Working on the book: Angelo Margaris. "First Order Mathematical Logic" (p. 47)
Let $u$ and $v$ be variables and $P$ a formula. $P$ admits $u$ for $v$ if and only if every free occurrence of $v$ in $P$ becomes a free occurrence of $u$ in $P(u/v)$.
The author provides this example:
$P$ is $\exists y(y>x)$. Below we list some terms, and alongside each term the result of substituting this term for $x$ in $P$.
$$ \begin{align*} 2 \quad & \exists y(y>2) & P(2/x)\\ y \quad & \exists y(y>y) & P(y/x) \end{align*} $$
In the second case, the first and only free ocurrence of $x$ in $P$ becomes bound in $P(y/x)$.
However, I have two questions:
- In the first case, I cannot see why 2 becomes a free occurrence in P as it is a constant.
The definition of "$P$ admits $u$ for $v$" does not mention anything about bound ocurrences of $v$ becoming free.
- Let $P$ be $\exists y(y > x)$, then $P(x/y)$ would be $\exists y(x > x)$ ? Is this forbidden ?
The author states some examples of substitution: some correct and some not.
The example $[∃y(y>x)](2/x)$ is a correct one because it substitute the term $2$ in place of the free variable $x$ causing no harm [see the definition of substitution: "Let $P$ a formula, $v$ a variable and $t$ a term. Then $P(t/v)$ is..."]
The second example, instead, is an example of "forbidden" substitution: the formula does not admits $y$ for $x$ because if we replace the free occurrence of $x$ with $y$ into the formula $∃y(y>x)$ what we get is $∃y(y>y)$ and the previous free occurrence of $x$ is now a bound occurrence of $y$, and this modifies the meaning of the formula.
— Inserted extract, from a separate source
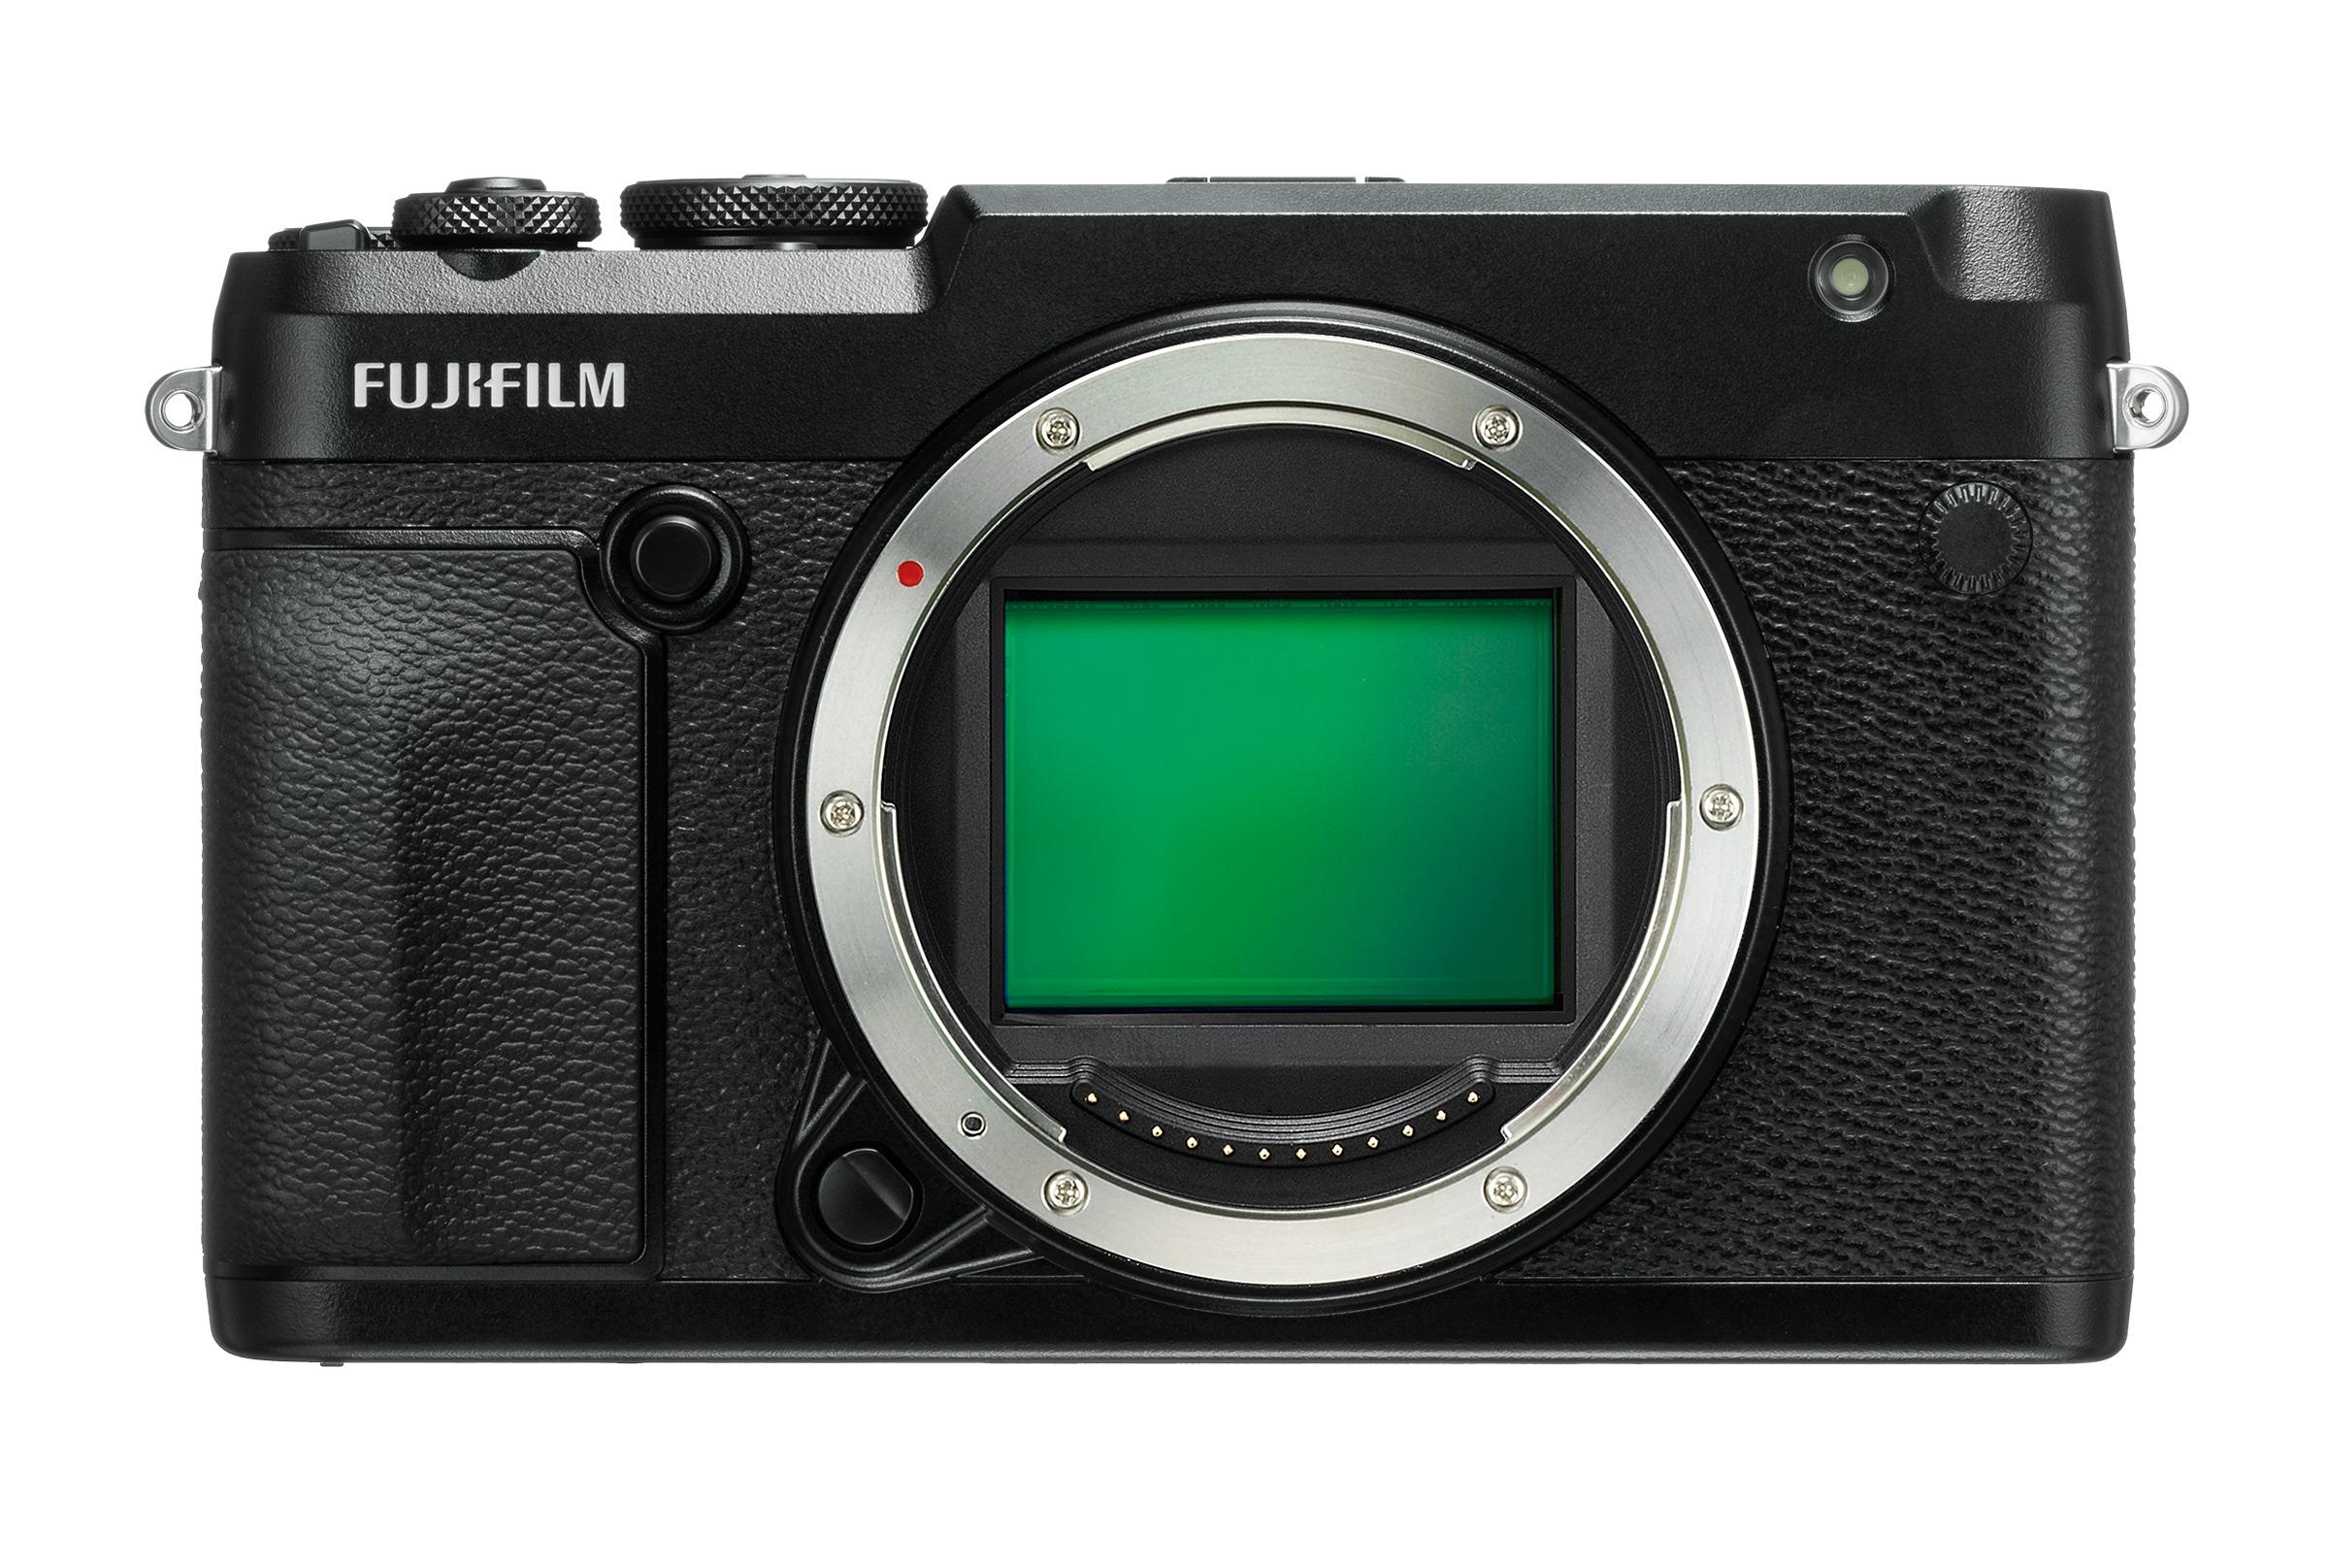 Tại Photokina năm nay, giữa chiến trường mở giữa các máy ảnh mirrorless full frame cao cấp, Fujifilm công bố một thứ còn hiện đại hơn, sang trọng hơn, ...

Regarding $[∃y(y>x)](x/y)$, the result is not $∃y(x>x)$; according to the definition: "... $P(t/v)$ is the formula that results when each free occurrence of $v$ in $P$ is replaced by an occurrence of $t$."
In $∃y(y>x)$ there are no free occurrences of $y$; thus $[∃y(y>x)](x/y)$ will be: $∃y(y>x)$.
The substitution operation acts on free occurrences.